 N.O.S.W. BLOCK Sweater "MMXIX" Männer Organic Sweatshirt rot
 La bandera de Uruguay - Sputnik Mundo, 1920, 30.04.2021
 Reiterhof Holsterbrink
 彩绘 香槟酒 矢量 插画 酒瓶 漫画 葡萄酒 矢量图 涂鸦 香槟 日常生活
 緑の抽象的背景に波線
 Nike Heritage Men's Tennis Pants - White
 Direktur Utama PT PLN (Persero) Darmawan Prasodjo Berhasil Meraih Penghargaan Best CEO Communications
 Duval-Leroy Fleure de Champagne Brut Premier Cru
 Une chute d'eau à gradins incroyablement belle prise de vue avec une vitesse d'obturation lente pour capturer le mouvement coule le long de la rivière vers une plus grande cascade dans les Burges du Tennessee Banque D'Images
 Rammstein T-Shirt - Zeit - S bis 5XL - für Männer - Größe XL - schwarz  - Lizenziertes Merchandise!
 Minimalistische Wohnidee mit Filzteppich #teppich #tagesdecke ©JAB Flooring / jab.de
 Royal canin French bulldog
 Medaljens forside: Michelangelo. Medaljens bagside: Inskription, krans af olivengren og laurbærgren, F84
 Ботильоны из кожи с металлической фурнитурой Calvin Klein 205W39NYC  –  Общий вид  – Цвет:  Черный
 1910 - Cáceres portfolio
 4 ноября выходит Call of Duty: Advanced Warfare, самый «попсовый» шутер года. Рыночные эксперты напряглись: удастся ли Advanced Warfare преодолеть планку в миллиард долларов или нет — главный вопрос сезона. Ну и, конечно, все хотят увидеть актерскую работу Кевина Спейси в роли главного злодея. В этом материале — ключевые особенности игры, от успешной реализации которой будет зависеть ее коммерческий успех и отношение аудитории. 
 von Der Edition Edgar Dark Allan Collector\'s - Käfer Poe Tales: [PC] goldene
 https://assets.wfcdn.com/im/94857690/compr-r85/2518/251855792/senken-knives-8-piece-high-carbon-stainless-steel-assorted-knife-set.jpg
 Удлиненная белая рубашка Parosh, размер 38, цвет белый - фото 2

******

*WHAT IS BEING ASKED*: If a line contains the string "Männer", include it in the tally; report the final tally for the whole listing and nothing else.

*EXERCISE OUTPUT*: 2